5 Depicted in each memory squares 0 to 4 are instructions. For instance, memory square four contains the instruction STP, which means “stop the program”.

Here is how the program works, step by step:

Rule 1: Begin at Square 0

Rules 2 and 3) Read the instruction found in the square you are on and Perform the instruction.

Rule 2: Read the instruction in the memory square you are on into the instruction Register. Memory square 0 has instruction CLA(“Clear the Accumulator”). CLA is instruction number 6. This instruction number is placed into the instruction register so that the SIMCO knows what instruction it is to perform. In the picture above you see that the number 6, representing instruction CLA, is now in the instruction register.
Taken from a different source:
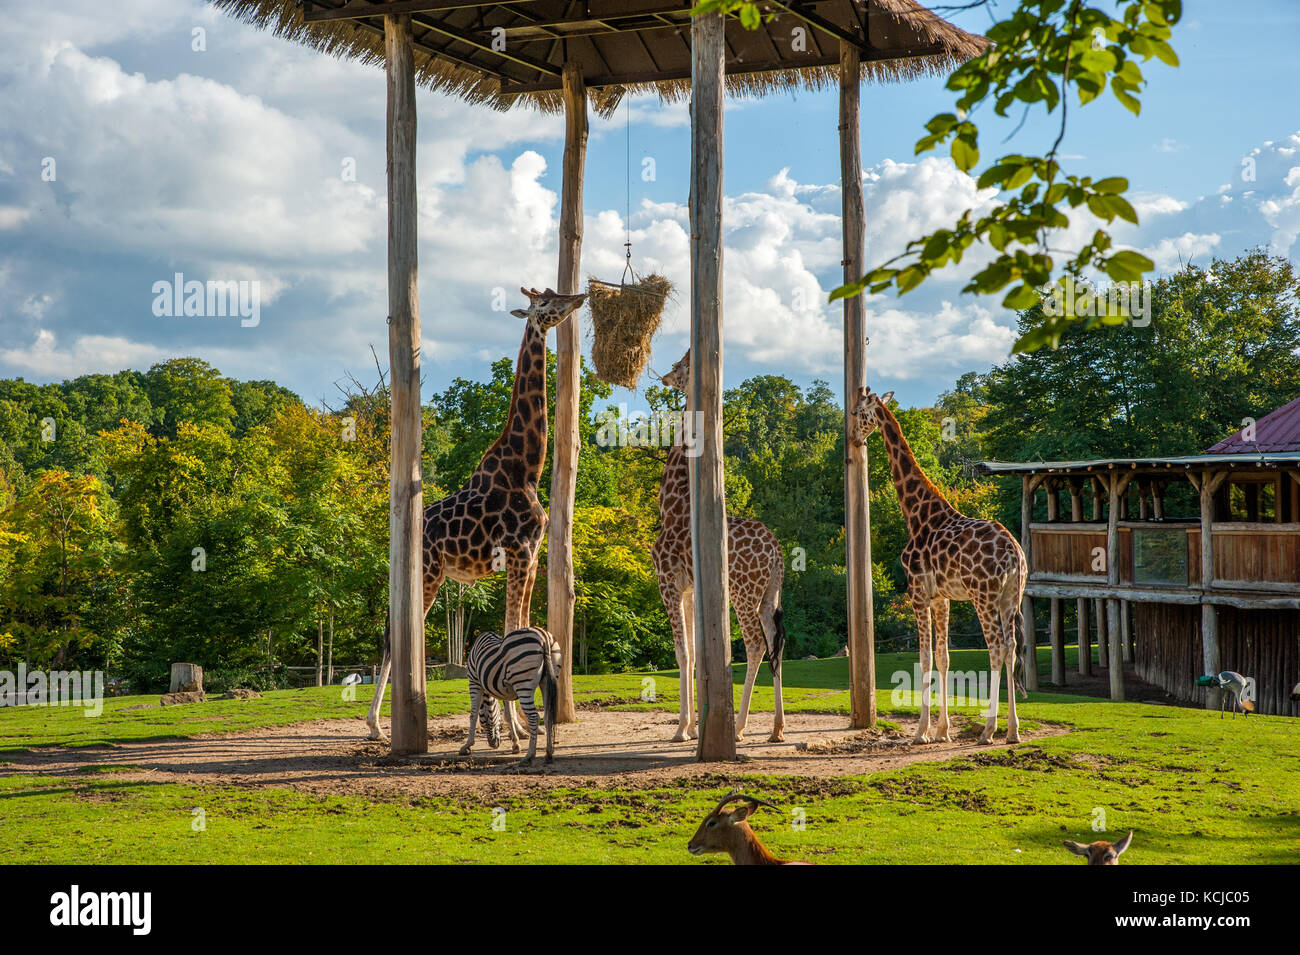 Giraffes eating straw during feeding time in zoo Stock Photo

Rule 3: Perform the instruction. Instruction CLA puts the number 0 into the Accumulator Register.

The Location counter register holds the number of the next square to jump to. We are currently on memory square 0, so the next memory square to jump to is square number 1.

Rule 4 Jump to the next square and repeat these rules, beginning with rule 2.

Rule 4: The SIMCO was on square 0, so now it jumps to the next sqaure, square 1. The Location counter ALWAYS holds the value of the next square to jump to.

Rule 2: Read the instruction in the memory square you are on and place it into the instruction Register. Memory square 1 has instruction ADD 5. ADD is instruction number 0, so 0 is placed into the instruction register. This instruction tells the SIMCO to add the value at memory square 5 to the value in the Accumulator.

Rule 3: Perform the instruction. The Accumulator had the value 0 in it. Square number

5 has the value 56 in it. 0 + 56 = 56. This sum, 56, is written to the Accumulator, as depicted above.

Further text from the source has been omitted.